= TASK STATEMENT =
The lines to copy run from the one containing "REFRIGERATED WALL-MOUNTED DISPLAY" to the end of the listing. Please write them out exactly, minus the pictures.

= PROVIDED MATERIAL =

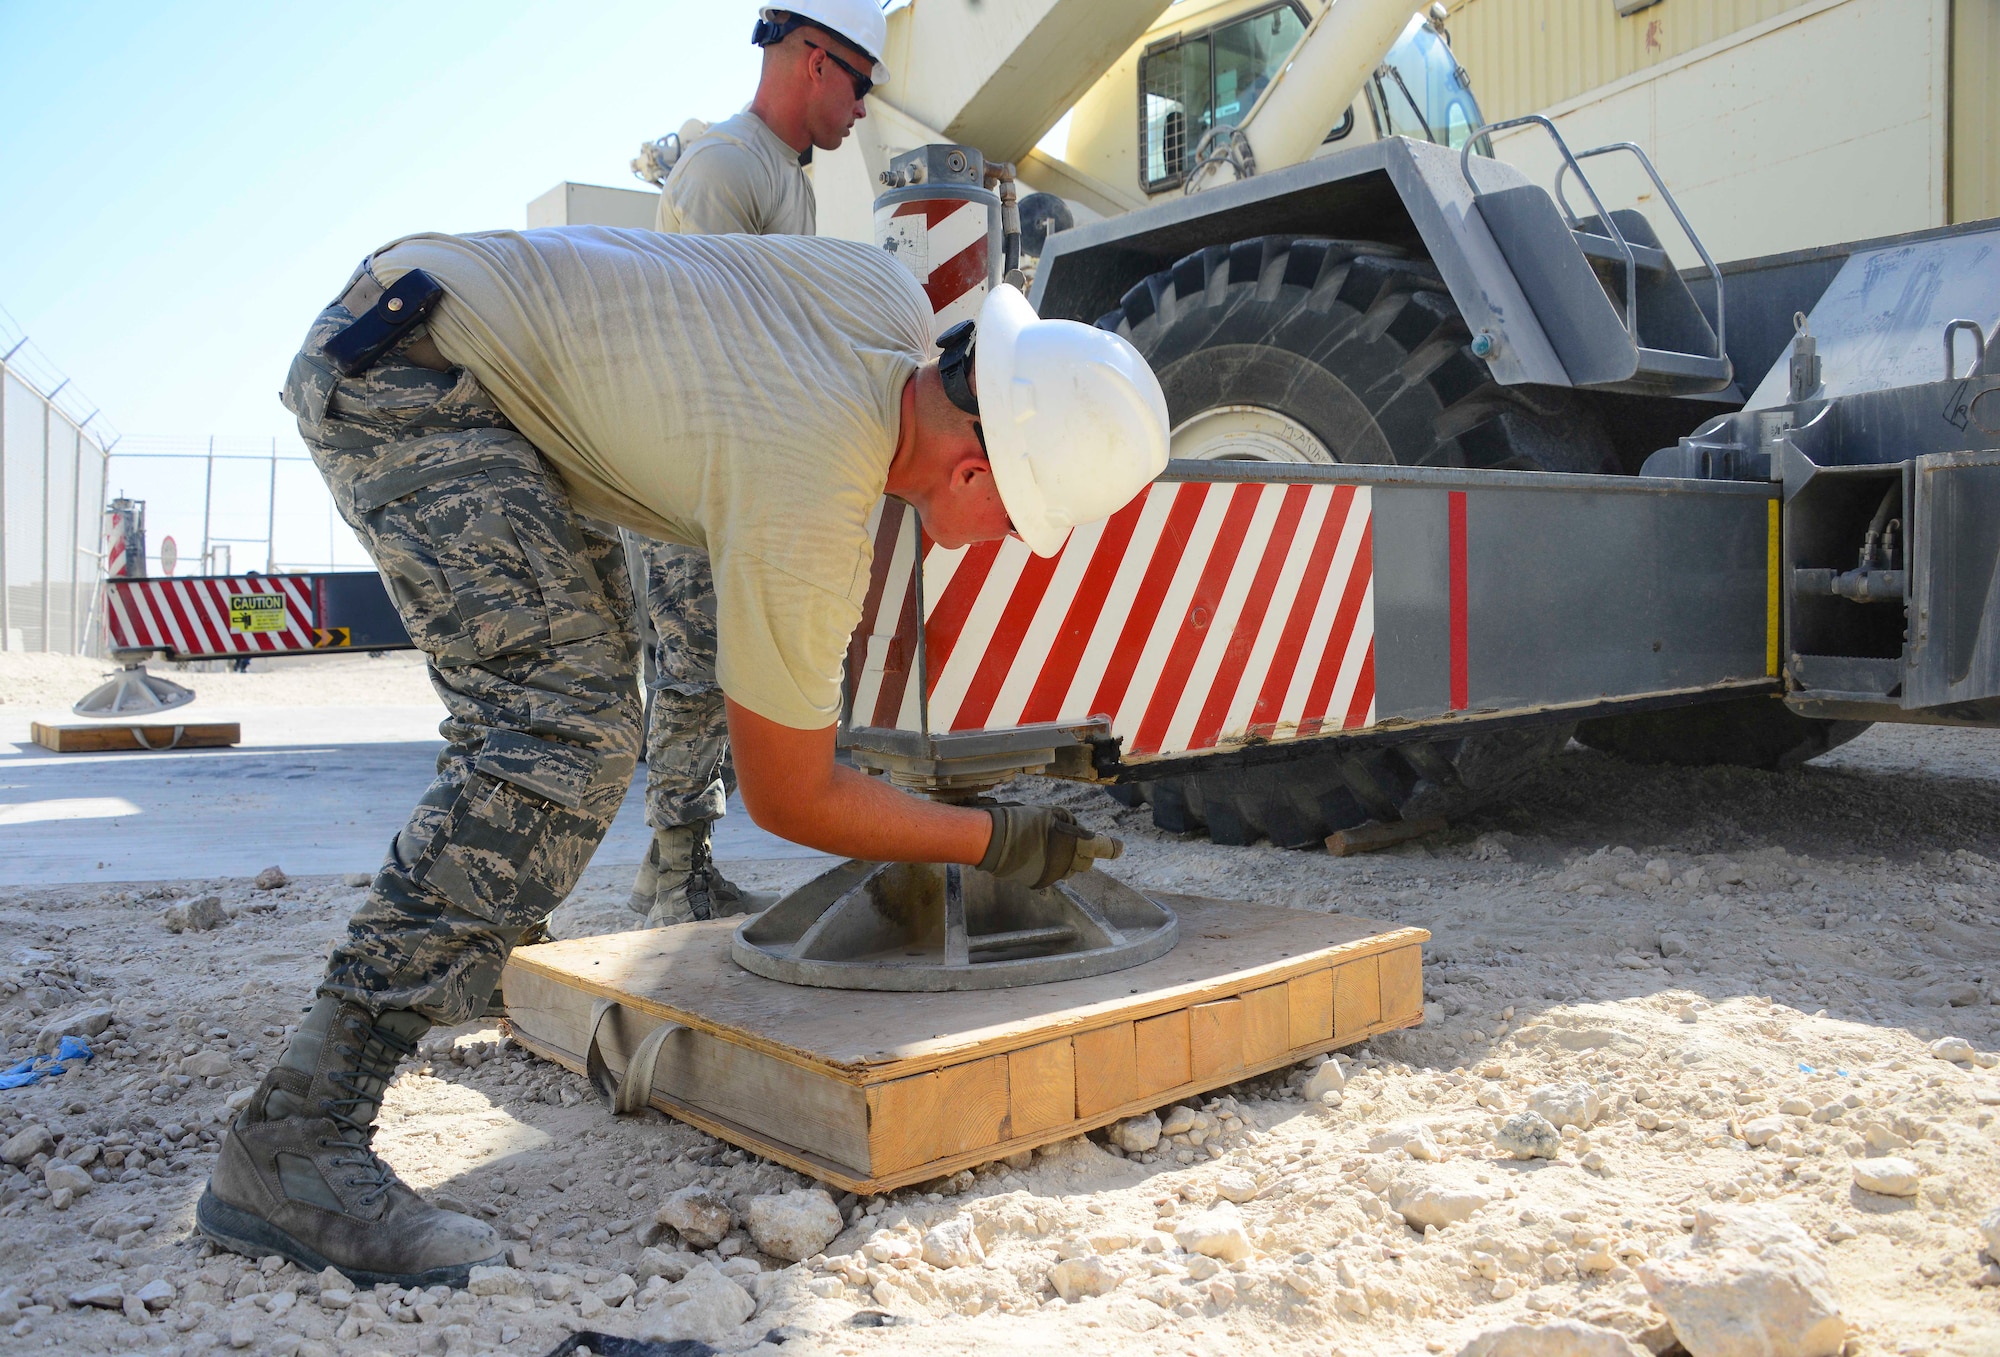 Senior Airman Ryan Batt, 379th Expeditionary Civil Engineer Squadron pavements and equipment apprentice, ensures the Terex RT 780 crane stabilizer is secured correctly Oct. 8, 2016, at Al Udeid Air Base, Qatar. Airmen from the 379th ECES and 379th Expeditionary Communications Squadron took down several inactive microwave dish transmitters from a radio tower. The transmitters previously provided internet and phone communication to the both the base and Camp As Sayliyah, but base infrastructure improvements over the years have rendered the dishes unnecessary. (U.S. Air Force photo/Senior Airman Janelle Patiño/Released)
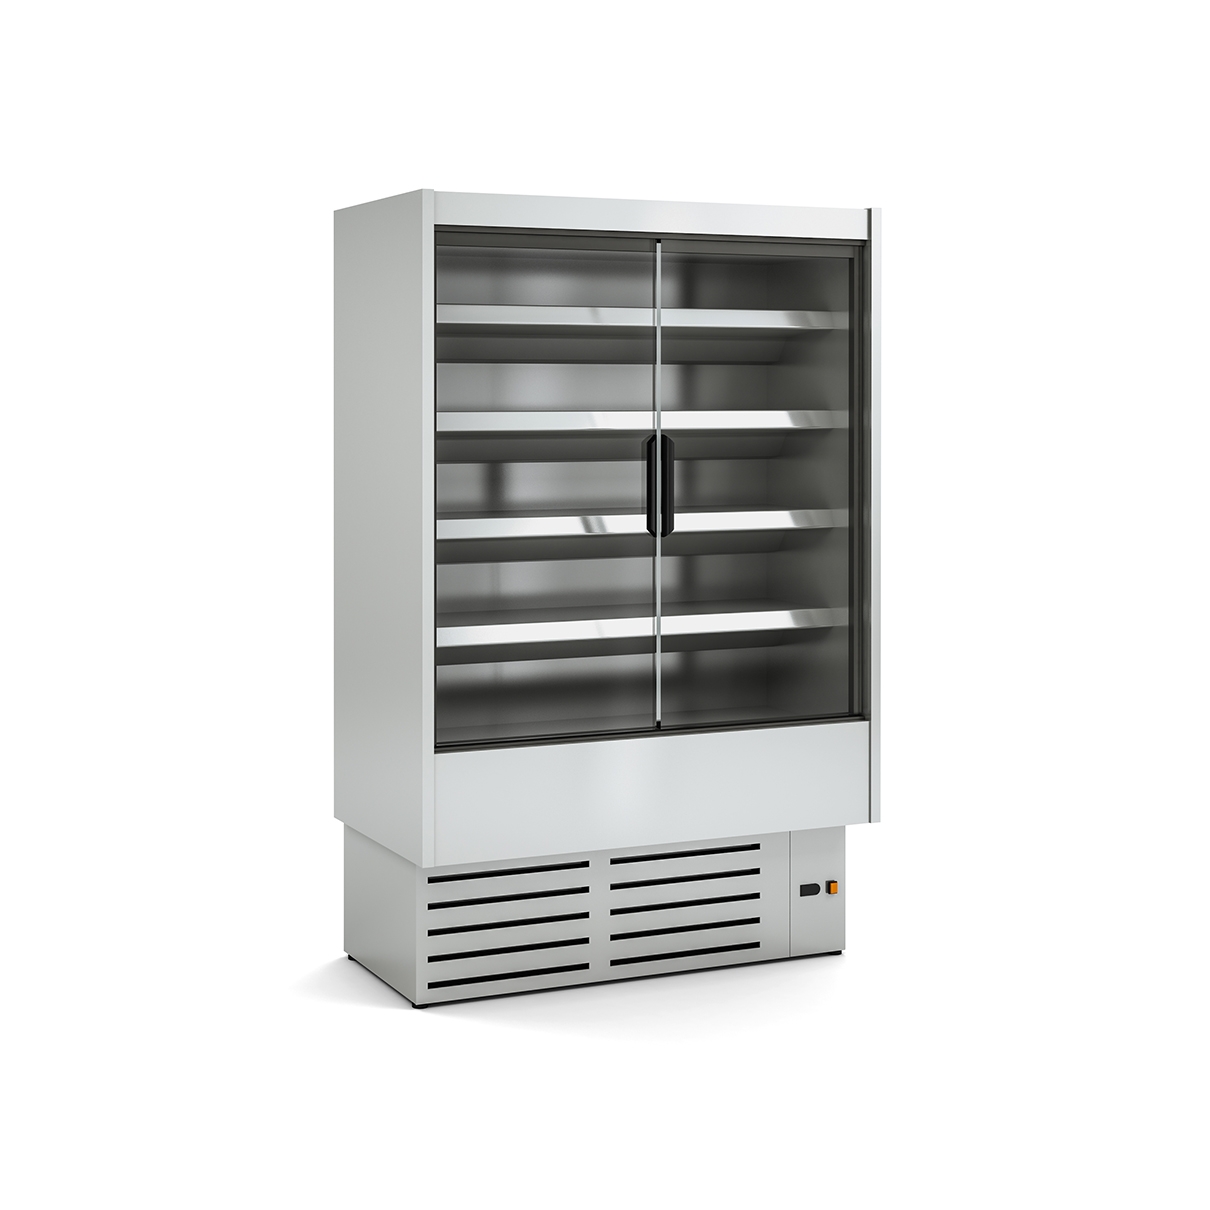 REFRIGERATED WALL-MOUNTED DISPLAY CABINET DG3 I M1-M2
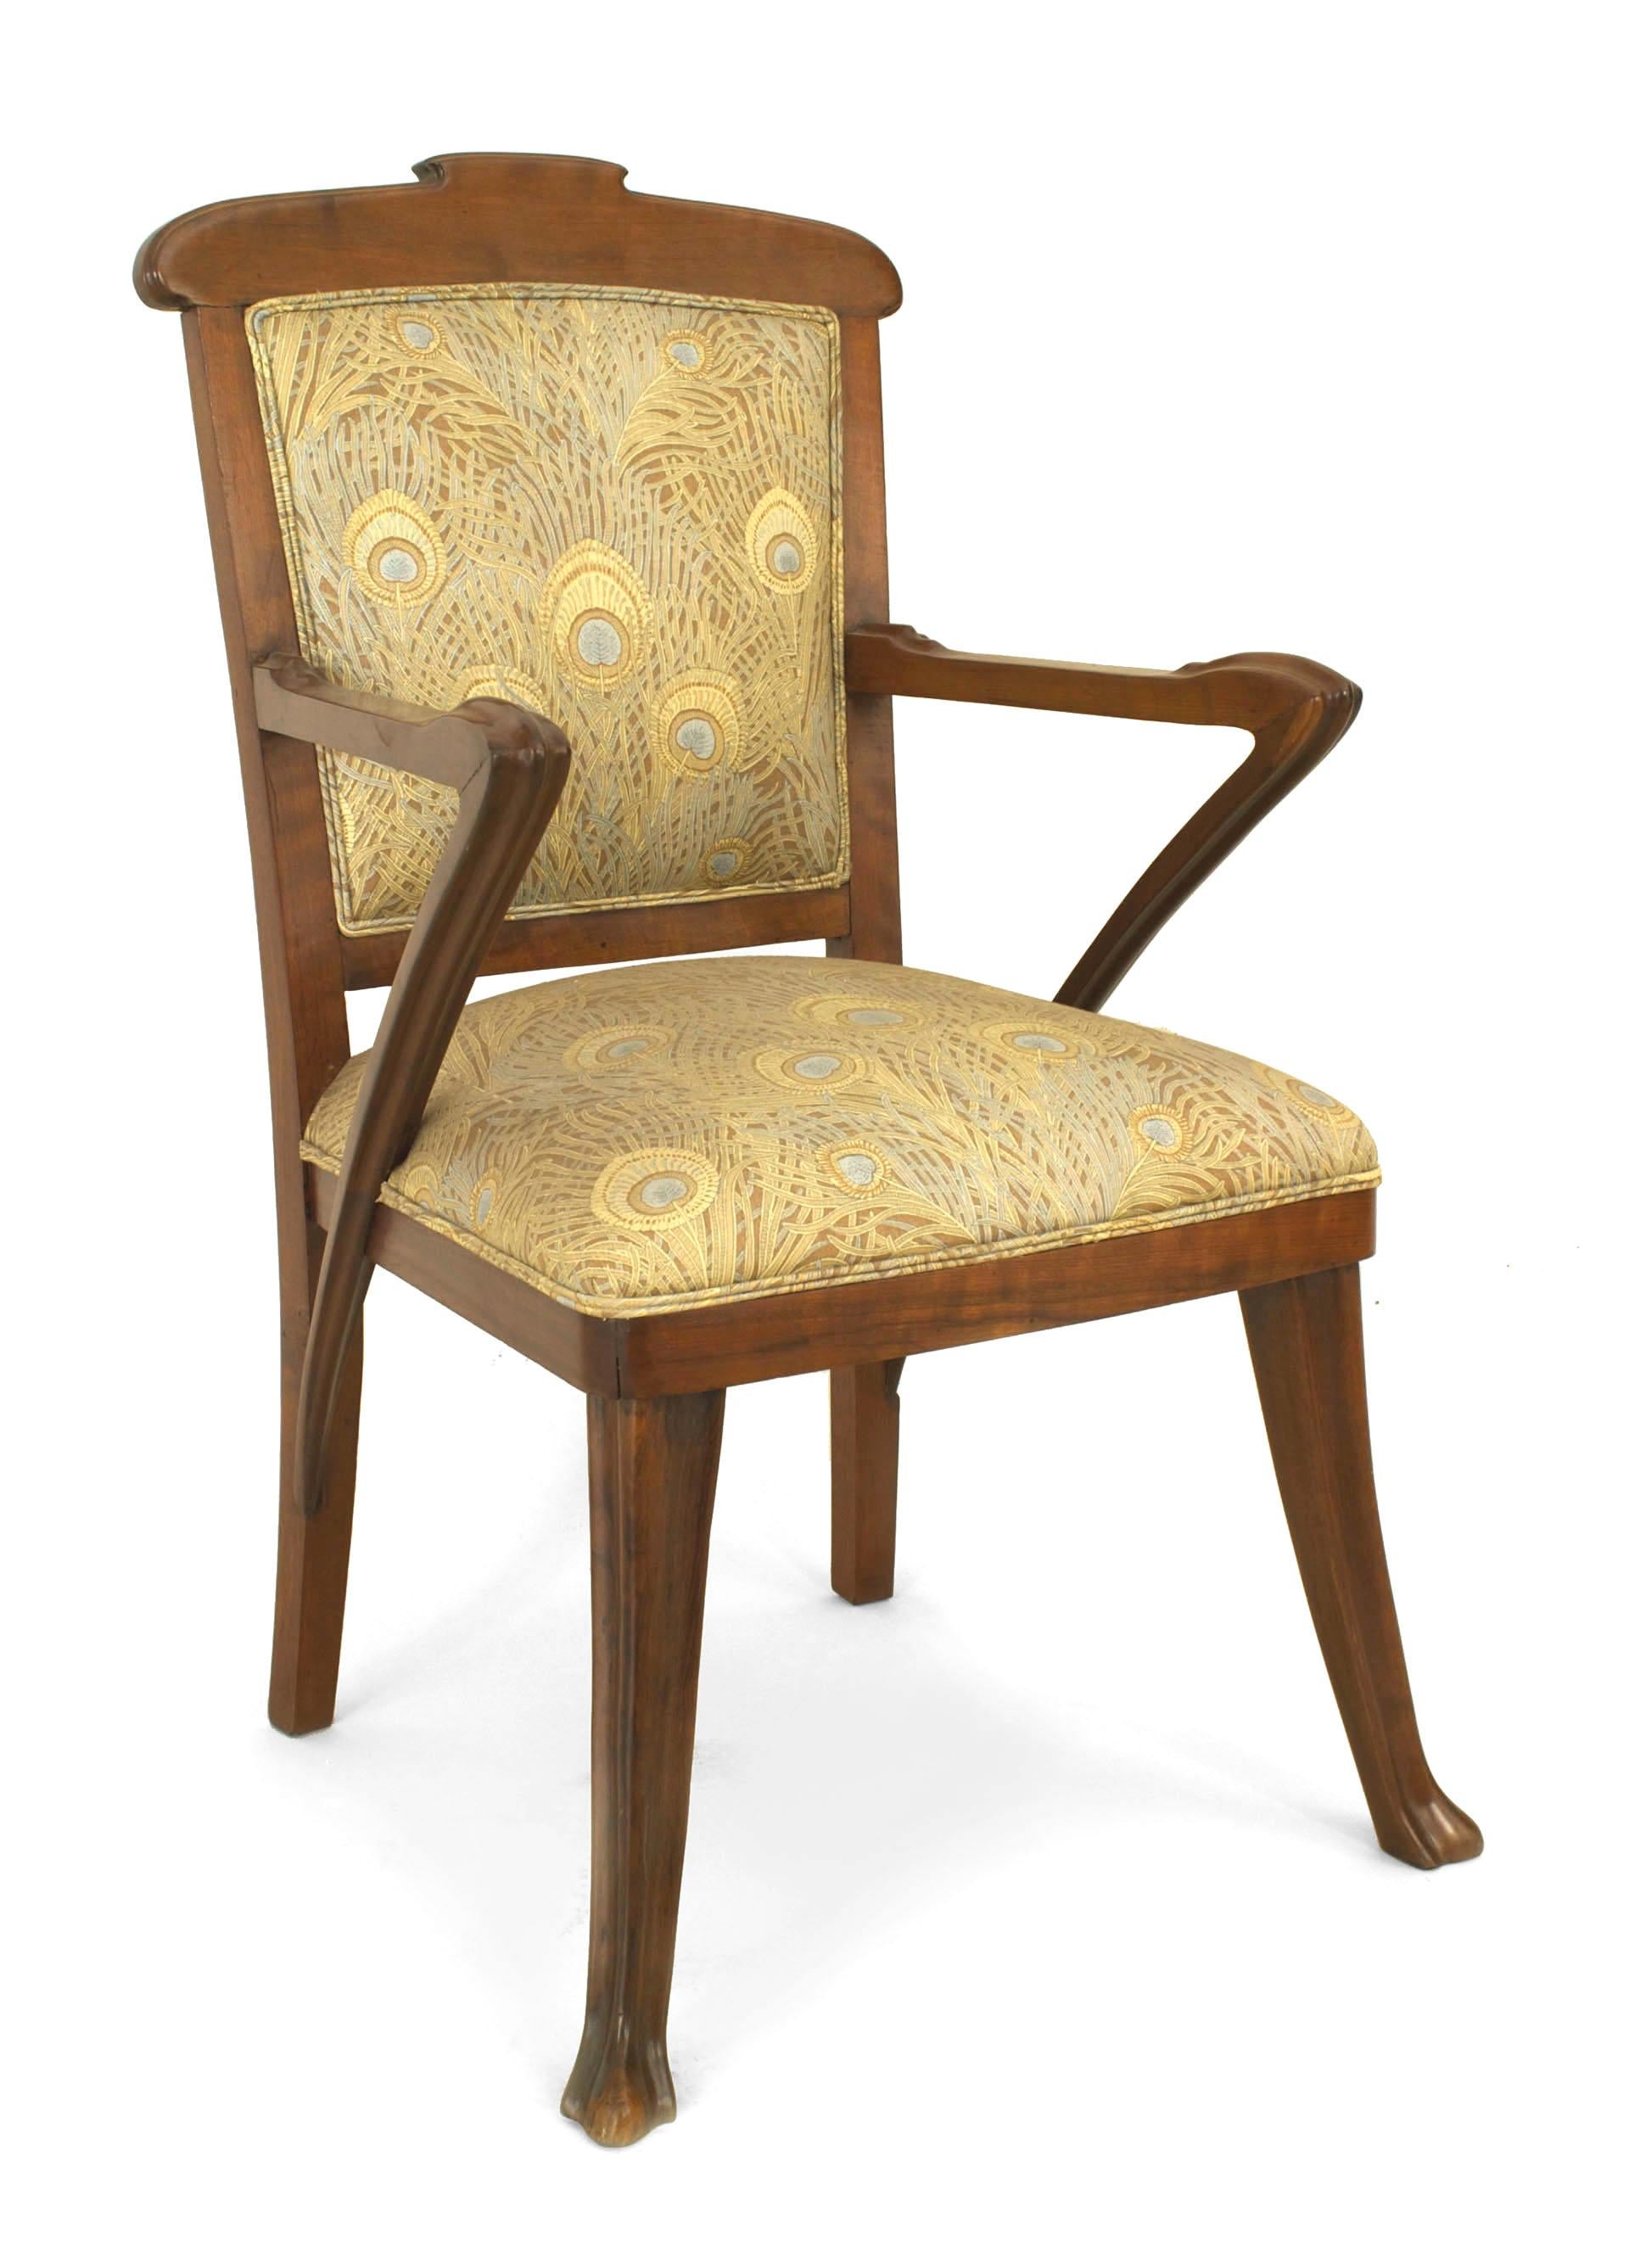 Set of 4 French Art Nouveau walnut open armchairs with upholstered peacock feather design seats and backs. (PRICED AS SET)

= ANSWER SPACE =
 REFRIGERATED WALL-MOUNTED DISPLAY CABINET DG3 I M1-M2
 Set of 4 French Art Nouveau walnut open armchairs with upholstered peacock feather design seats and backs. (PRICED AS SET)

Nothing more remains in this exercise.